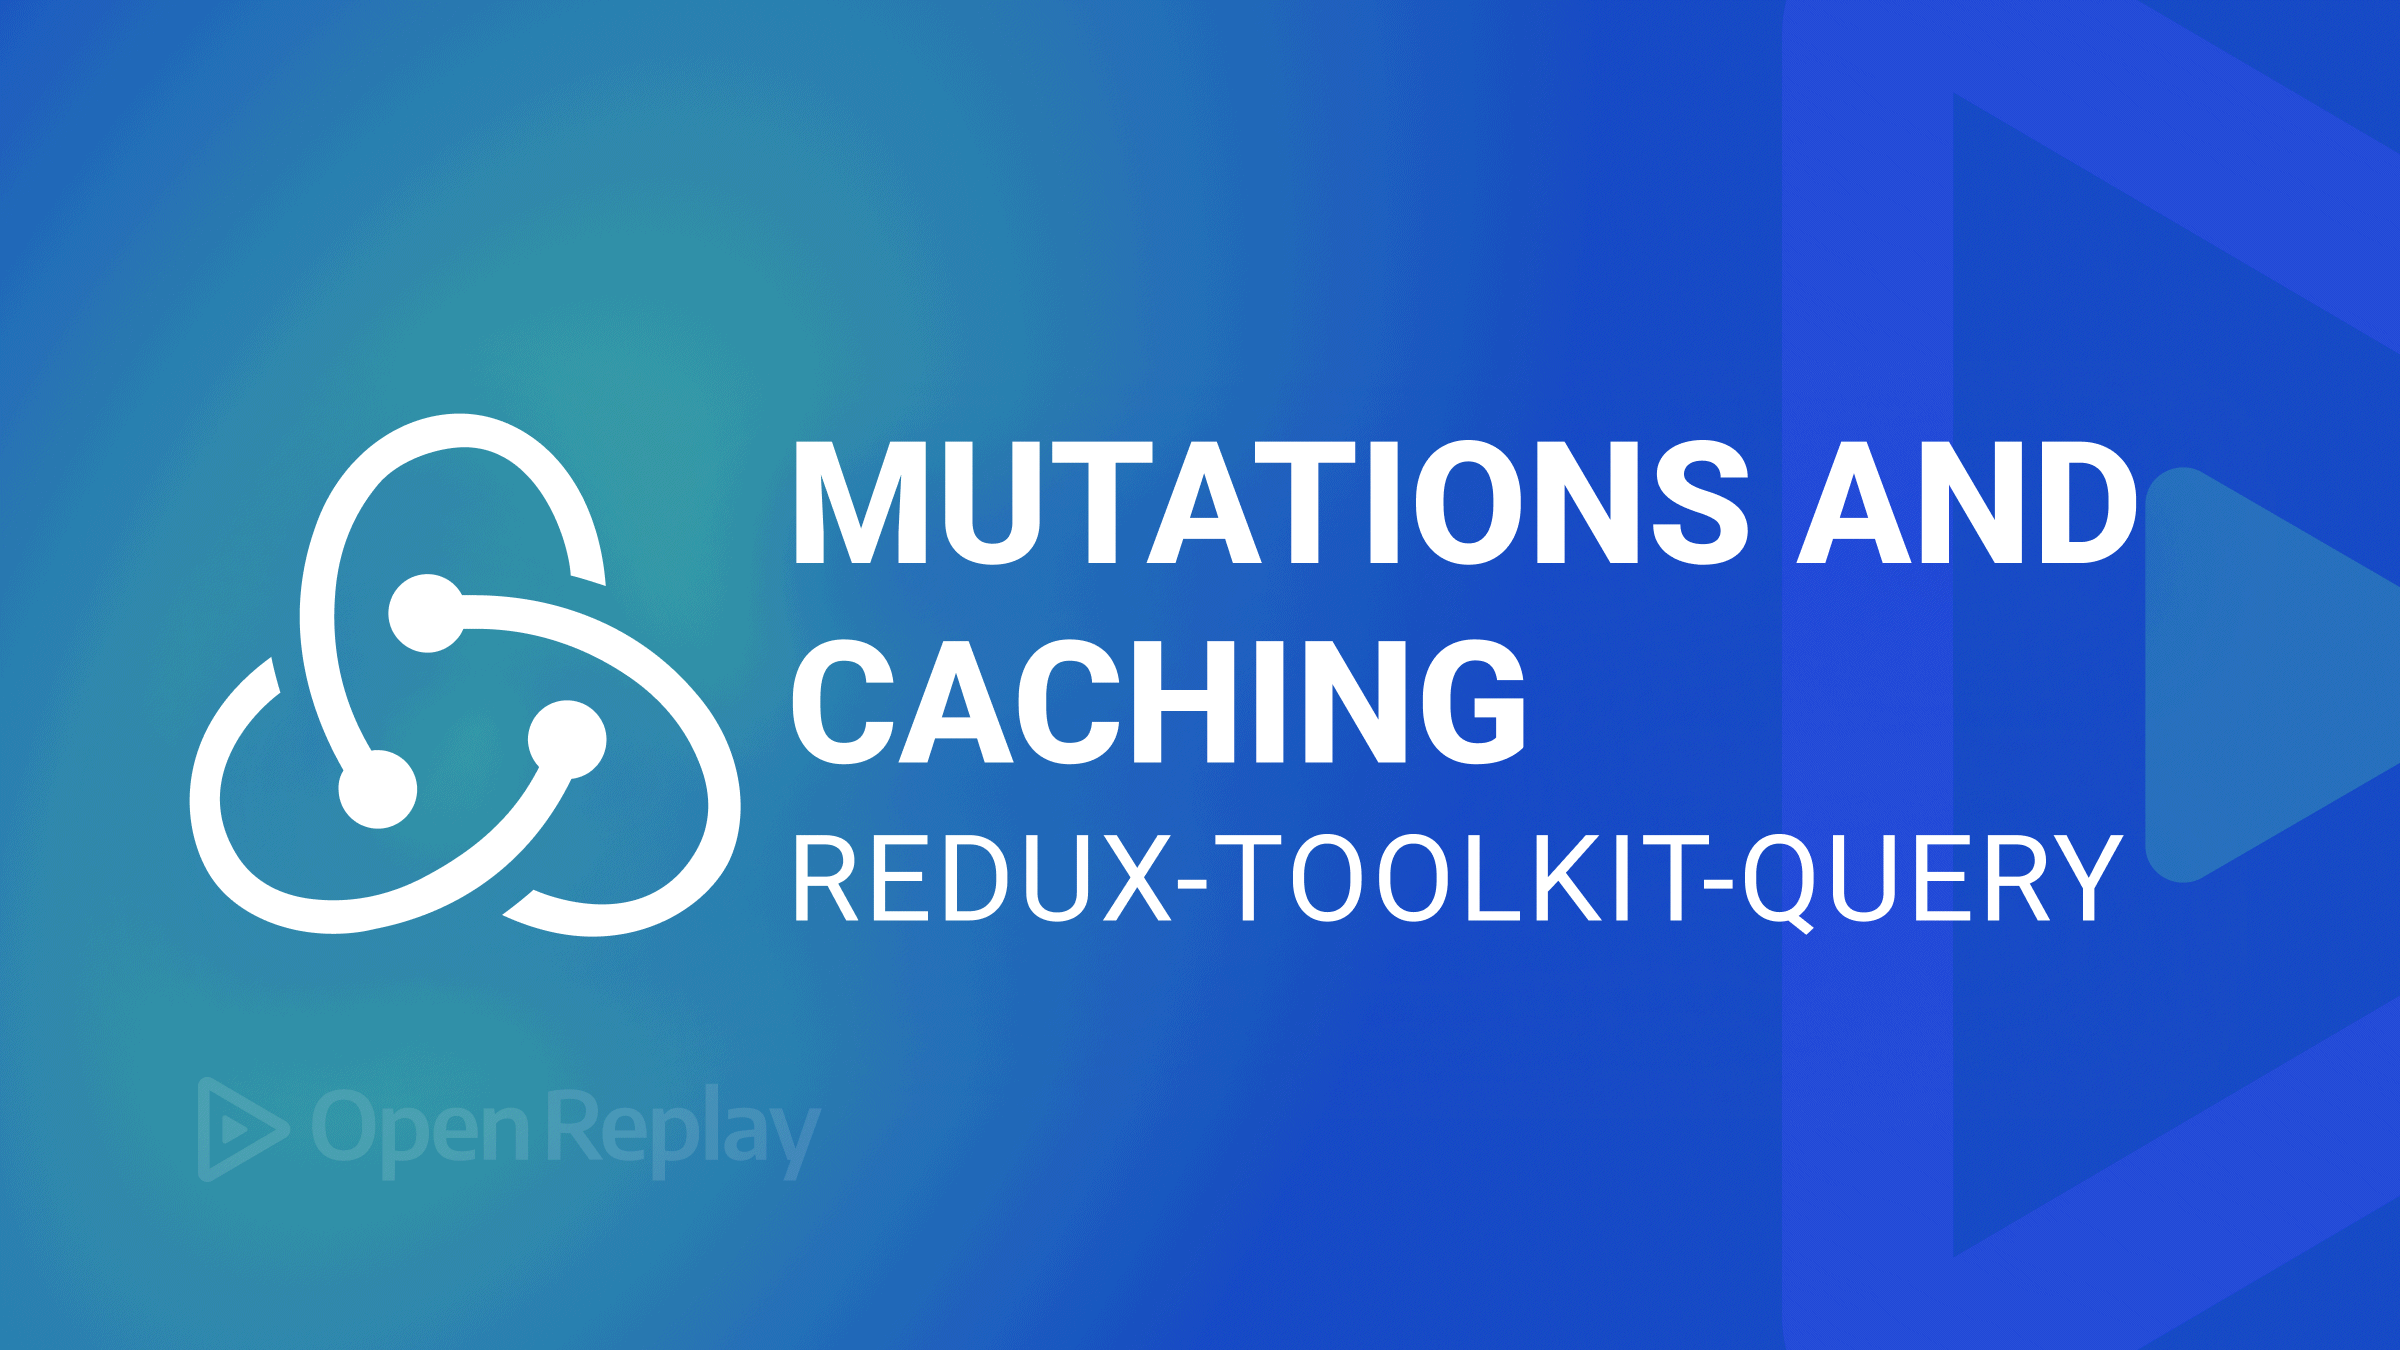 Mutations And Caching With Redux-Toolkit-Query
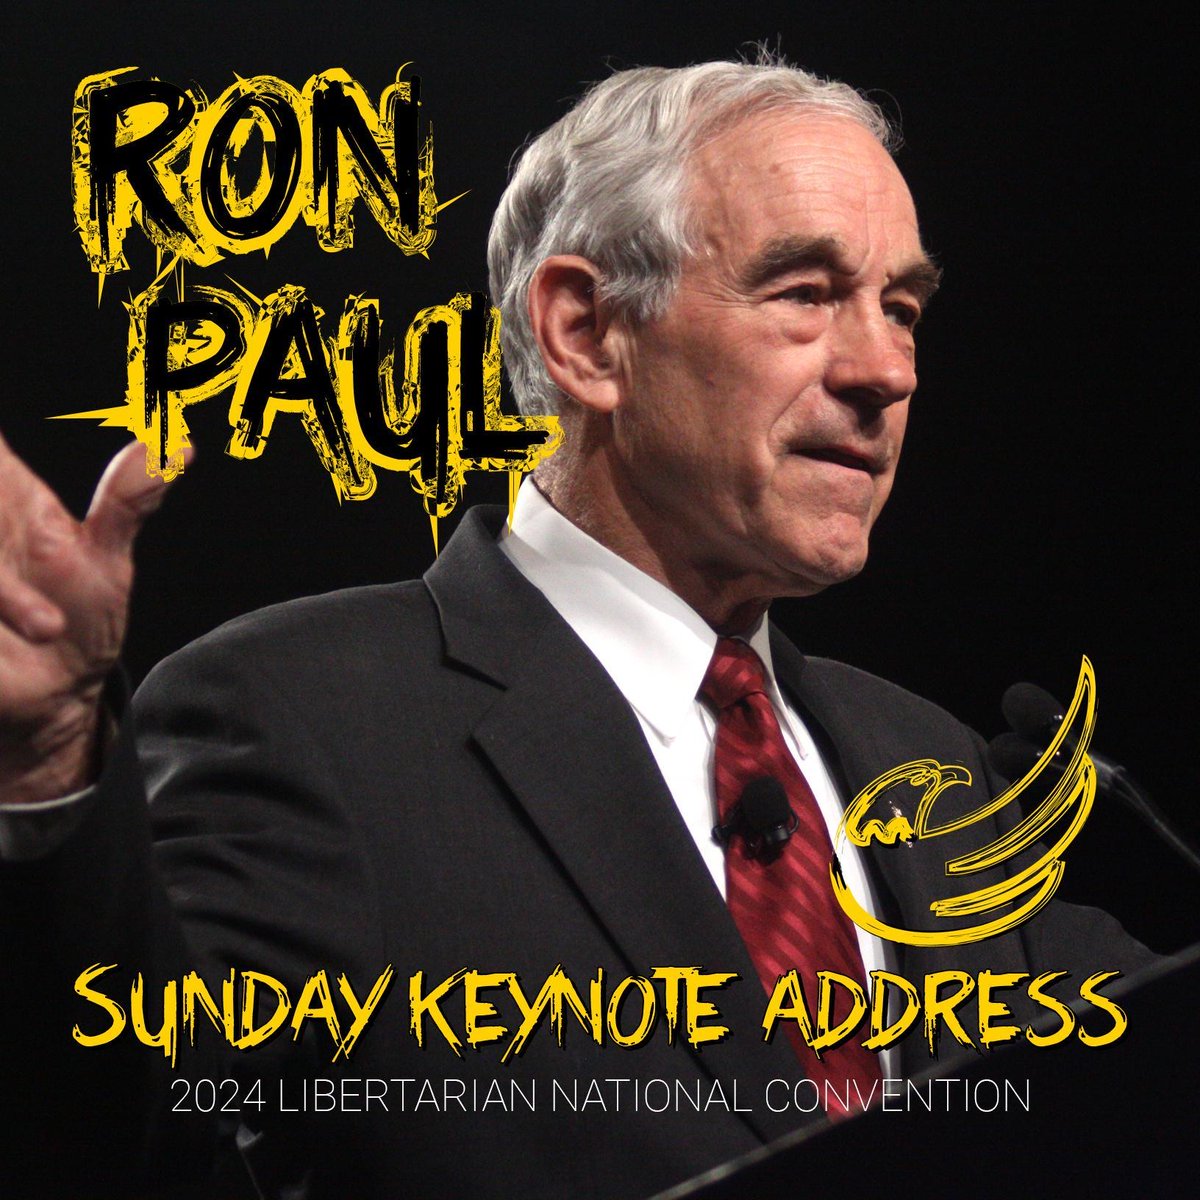 Dr. Ron Paul to Close Out Libertarian Convention with Keynote Speech Sunday, May 26th Washington DC, May 21st, 2024 — The Libertarian National Convention will close out its 2024 event by hosting Dr. Ron Paul, a man that many in the liberty movement credit with bringing them into
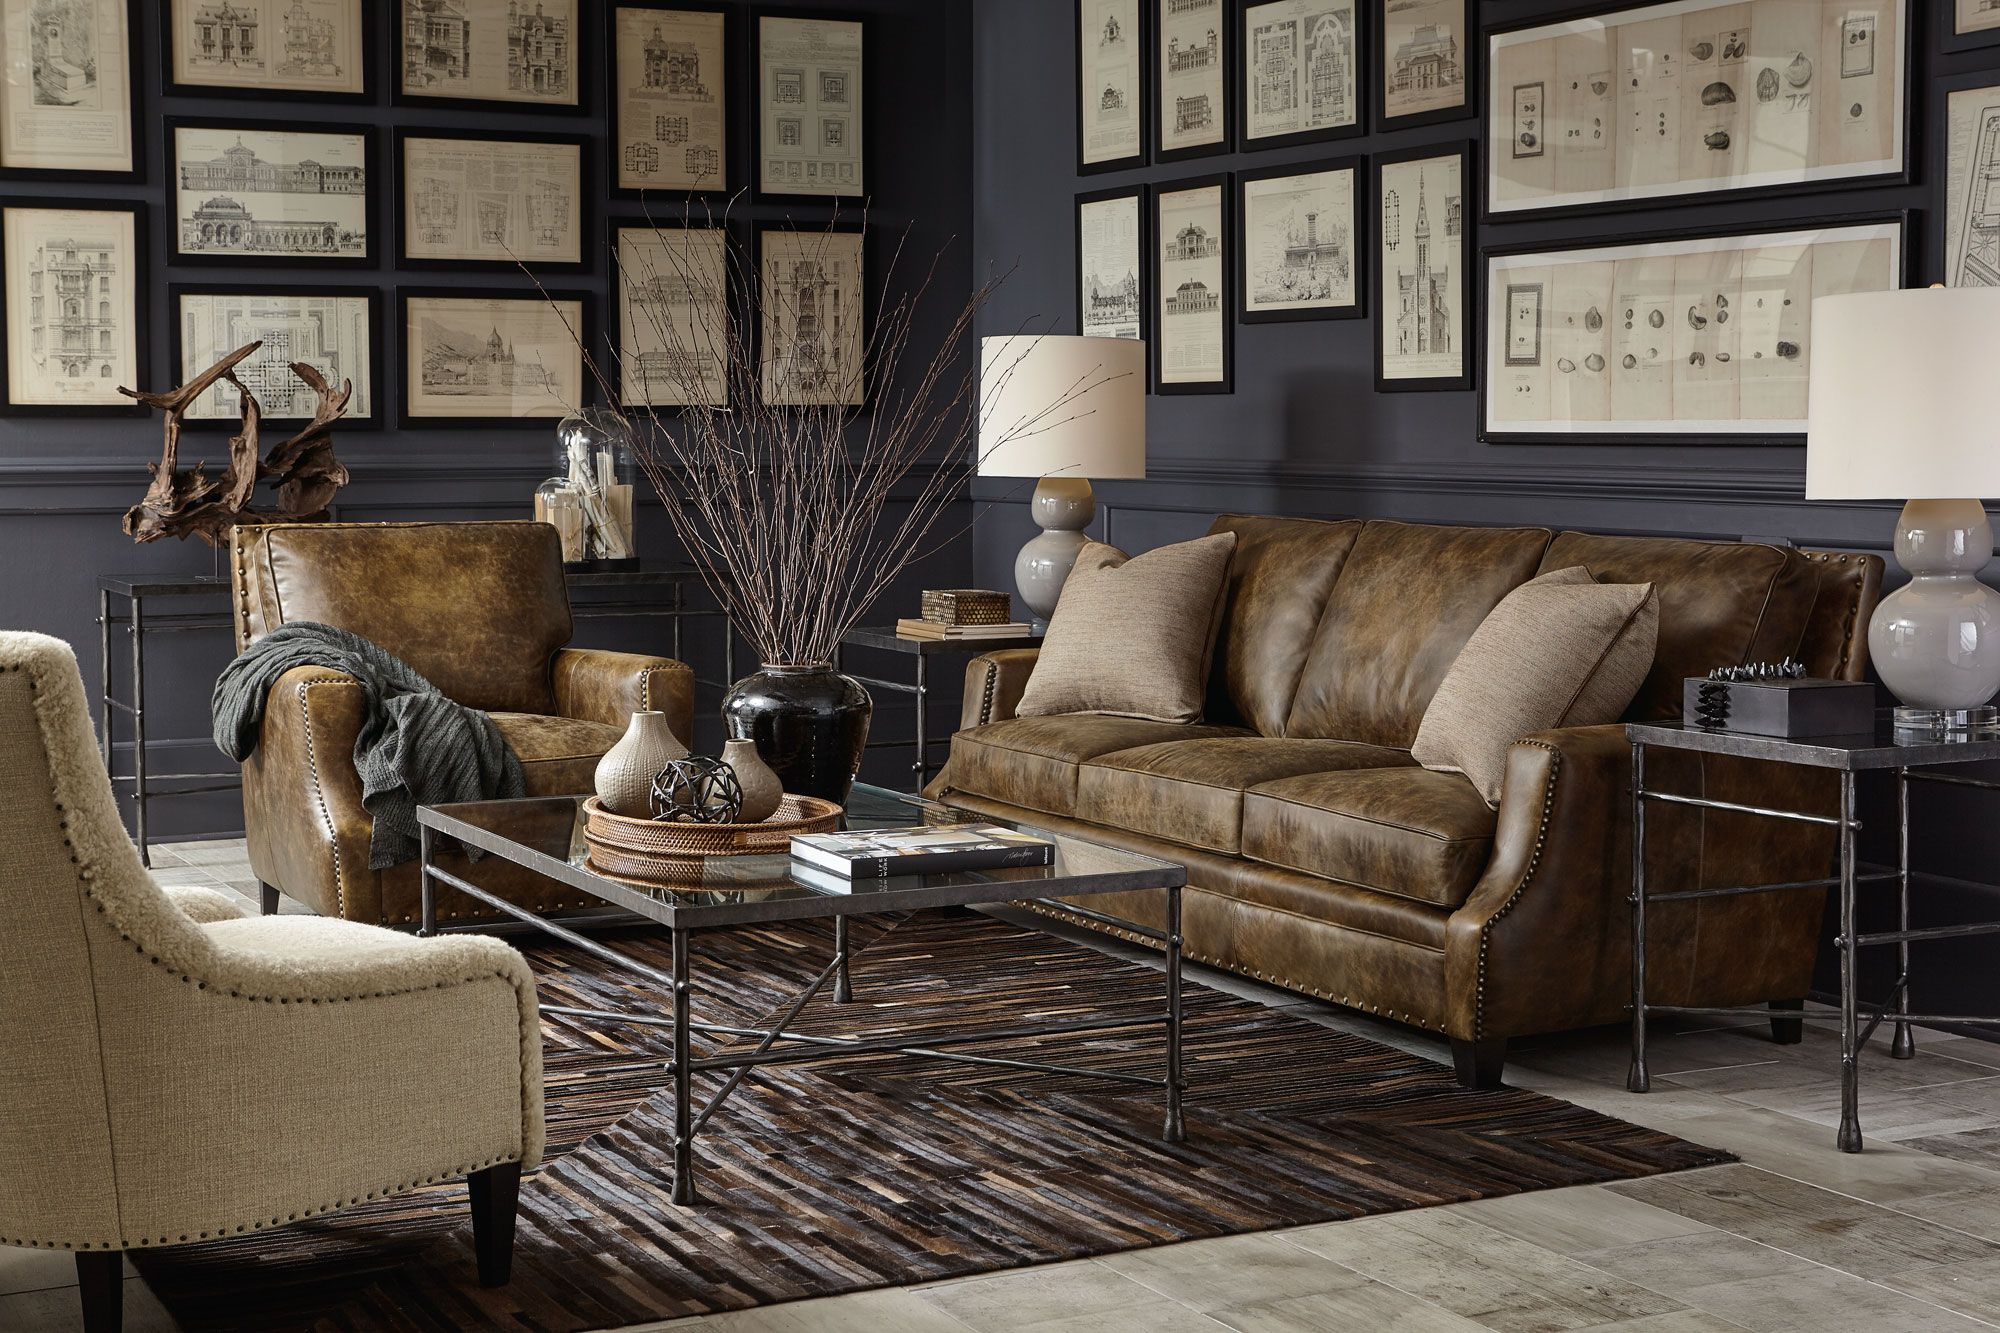 Leather Furniture You Both Can Agree On  Kathy Kuo Blog avec Kathy Kuo Blog

····················

## Exercise prompt:
Quote the full listing above word for word; exclude every picture from the copy.

## Response to this task:
 Mutations And Caching With Redux-Toolkit-Query
 Dr. Ron Paul to Close Out Libertarian Convention with Keynote Speech Sunday, May 26th Washington DC, May 21st, 2024 — The Libertarian National Convention will close out its 2024 event by hosting Dr. Ron Paul, a man that many in the liberty movement credit with bringing them into
 Leather Furniture You Both Can Agree On  Kathy Kuo Blog avec Kathy Kuo Blog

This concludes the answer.